Can anyone think of a good way to get this to work, if I want the drums and bass to come out of computer speakers, but the guitar signal to come out of my amp? I was thinking that the headphones out will be fine for the computer speaker, but how do I keep the guitar signal out.


----------



## Hamstrung (Sep 21, 2007)

It already had it's own thread. I want one too, will be ordering soon. 

http://www.guitarscanada.com/showth...io-Better-than-Beat-Buddy!&highlight=Digitech


----------



## Steadfastly (Nov 14, 2008)

Hamstrung said:


> It already had it's own thread. I want one too, will be ordering soon.
> 
> http://www.guitarscanada.com/showth...io-Better-than-Beat-Buddy!&highlight=Digitech


Huh, how did it miss that thread? Good for you for finding it so early. BTW, it is selling for $179.00 at MF and they have 15% off for orders of $299.00 and up. So if two ordered them, or if you added something to bring the price up to the $299.00 point, you would get a discount making them $153.00 USD.


----------



## Stratin2traynor (Sep 27, 2006)

I gotta have one but will wait until it's no longer the "next great thing". However, I will be very tempted though if I see one on the shelf at L&M!


----------



## Stratin2traynor (Sep 27, 2006)

Has anyone seen these on the shelves yet? Every time I check the L&M site they don't have any. Other sites list them as pre-order only. Anyone aware of a release date?


----------



## Hamstrung (Sep 21, 2007)

Stratin2traynor said:


> Has anyone seen these on the shelves yet? Every time I check the L&M site they don't have any. Other sites list them as pre-order only. Anyone aware of a release date?

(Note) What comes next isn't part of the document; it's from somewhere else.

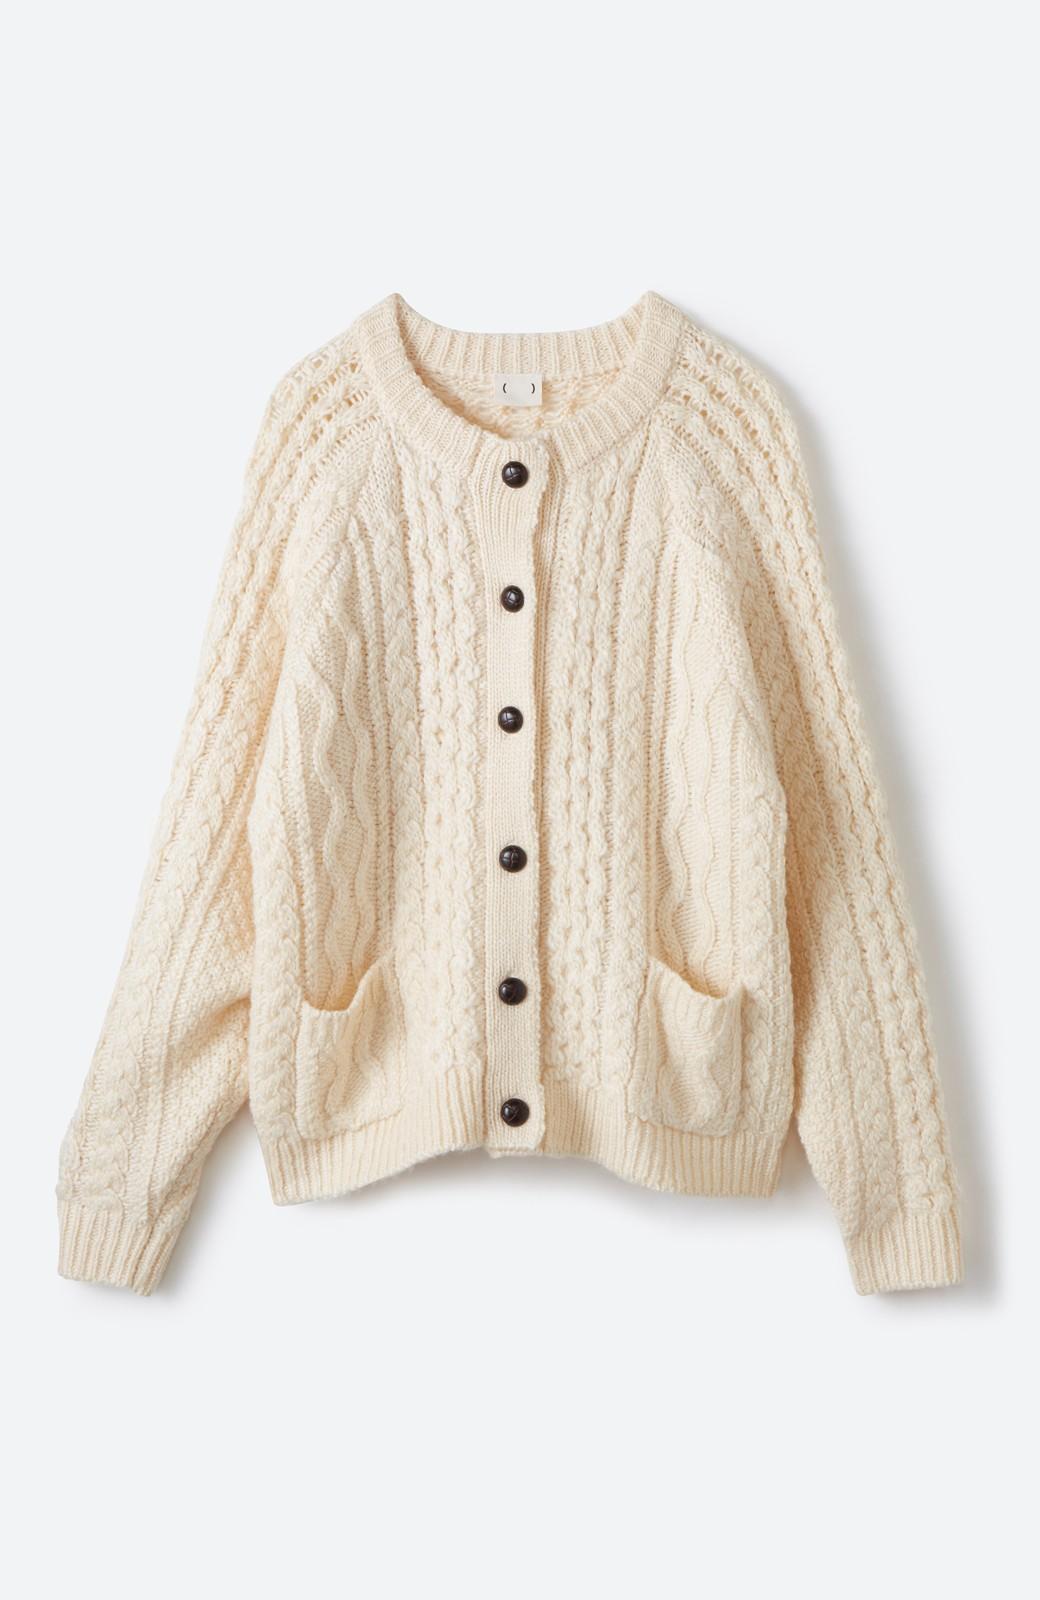 haco! 古着屋さんで見つけたようなもっふりケーブル編みカーディガン <オフホワイト>の商品写真1

I just put a deposit on one last weekend. They said they're expected mid to late March... so any day now.


----------



## Voxguy76 (Aug 23, 2006)

Funny I ordered one from Cosmo Music. Just saw they charged me on the full amount already. Pretty sure the store policy was "we charge your card when we ship" will have to inquire.


----------



## sulphur (Jun 2, 2011)

The initial release date was supposed to be early March, but due to parts shortages,
it pushed the release back to the end of March.

That's what the DigiTech rep had said on TGP.


----------



## zurn (Oct 21, 2009)

Has anyone finally tried one of these? It looks really cool!

[video=youtube;4484J3JhYGY]https://www.youtube.com/watch?v=4484J3JhYGY[/video]


----------



## tomsy49 (Apr 2, 2015)

zurn said:


> Has anyone finally tried one of these? It looks really cool!
> 
> [video=youtube;4484J3JhYGY]https://www.youtube.com/watch?v=4484J3JhYGY[/video]


I had one for a while and it was pretty cool. Sometimes the results you expect on a chord progression aren't exactly what comes out for certain genres. That may be due to inexperience on my part but it was very cool when i had it. I just figured i was better off using backing tracks off my ipad rather than have this. I really want a beat buddy but i can't justify the price tag.


----------